Along with the statement, the ASB also made changes in the makeup of the board. What was once the single multi-cultural chair has now been expanded to include four diversity co-chairs in order to include representation from the other schools at the Medical Center. Taylor said the group has been working to instill the philosophy of diversity and inclusion into how students interact with each other.
“They are going to be the future decision makers,” Taylor said. “It needs to be embedded in their thought process in everything they do so when they become leaders in the real world it will already be ingrained.”

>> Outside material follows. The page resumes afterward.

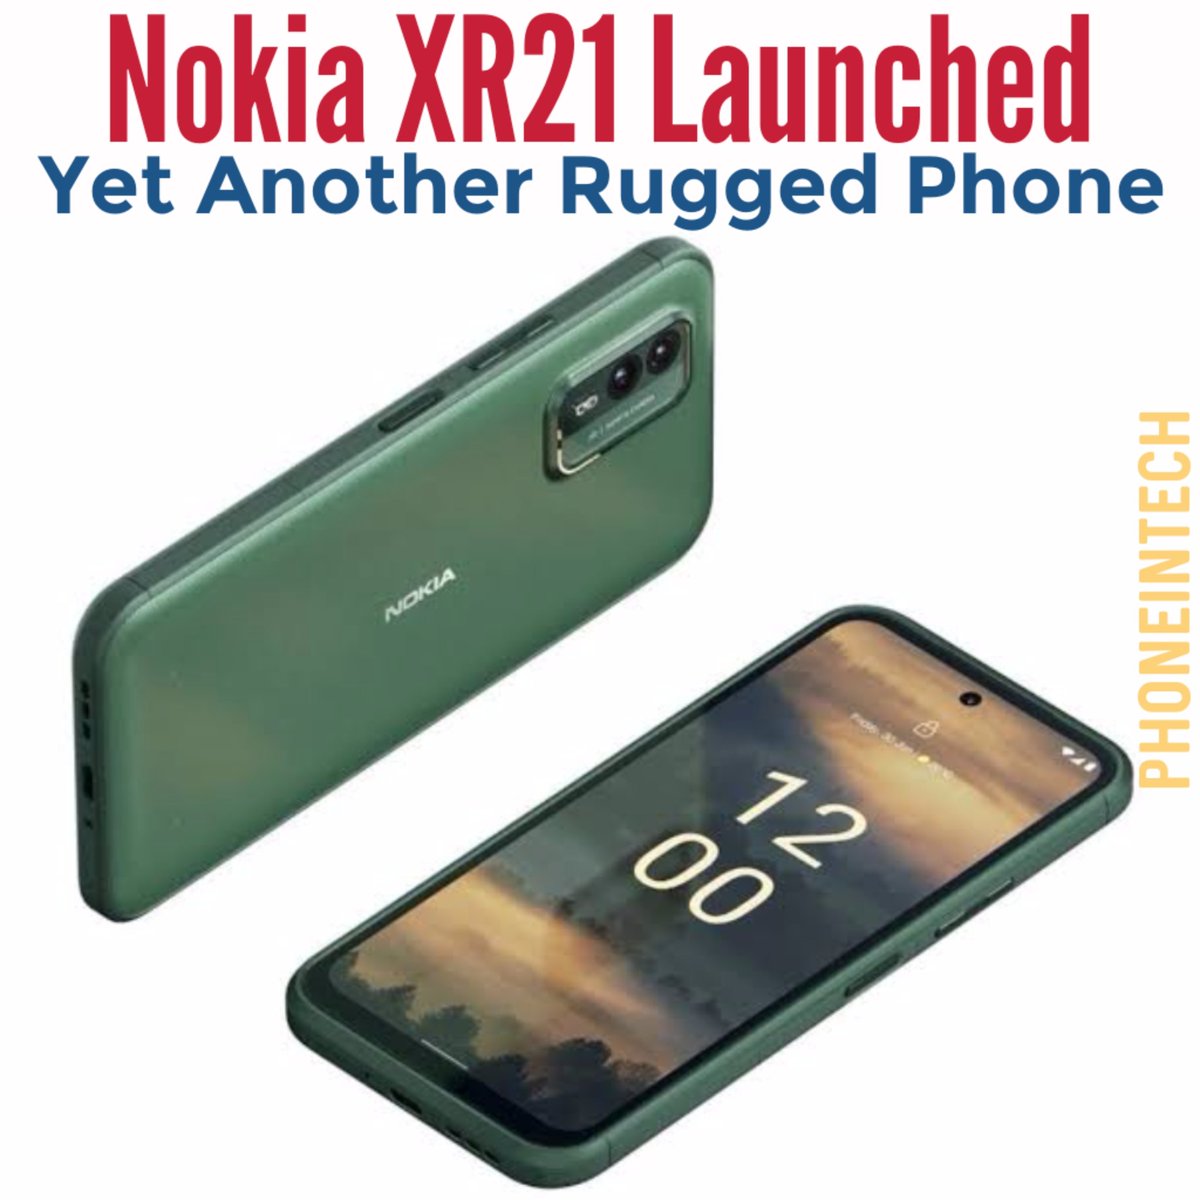 Nokia XR21 launched on Wednesday. It offers IP69K water and dust resistance. It features a 64 MP dual camera setup and a 6.49 inch Full HD+ IPS display. It runs on a Snapdragon 695 5G SoC and pricing starts at GBP 499.

#NokiaXR21 #NokiaSmartphones #PhoneinTech

Progress in the area of inclusion is evidenced in a new initiative that will be introduced on Tuesday, Aug. 29: the inaugural UMMC CommUNITY Day. Held in response to the recent events in Charlottesville, Virginia, it will be a town hall-styled meeting open to everyone on campus. Speakers will include Taylor, Dr. James Keeton, former vice chancellor and professor emeritus of medicine, and Chaplain Doris Whitaker, director of pastoral services.
Edgar Meyer, philanthropy co-chair and third-year student in the clinical anatomy program in the School of Graduate Studies in the Health Sciences, was integral to the organization of the event.
“I wanted to do something that was a formal display of the fact that we are a community of people who condemn any sort of violence, prejudice, discrimination against anyone, regardless of who they are in terms of race, gender, ethnicity, nationality...you fill in the blank,” Meyer said.
Taylor said that while all past ASB presidents have done an excellent job, there is a “different level of energy” with Thomas.
“It could be his training in nursing, but I feel as if he's naturally compassionate about others and wants to be inclusive,” she said. “He has a discerning way of thinking about everyone as a whole. He wants to include everyone. He has a service-oriented persona, which I can appreciate.”
For Thomas, he hopes that his participation encourages other students across campus to become more active with the ASB.
“I think a lot of students feel disconnected from the decisions that are made, especially with regards to their education and their experiences here as a student,” Thomas said. “I think having a seat at the table is a big deal, and more students need to actively seek that.”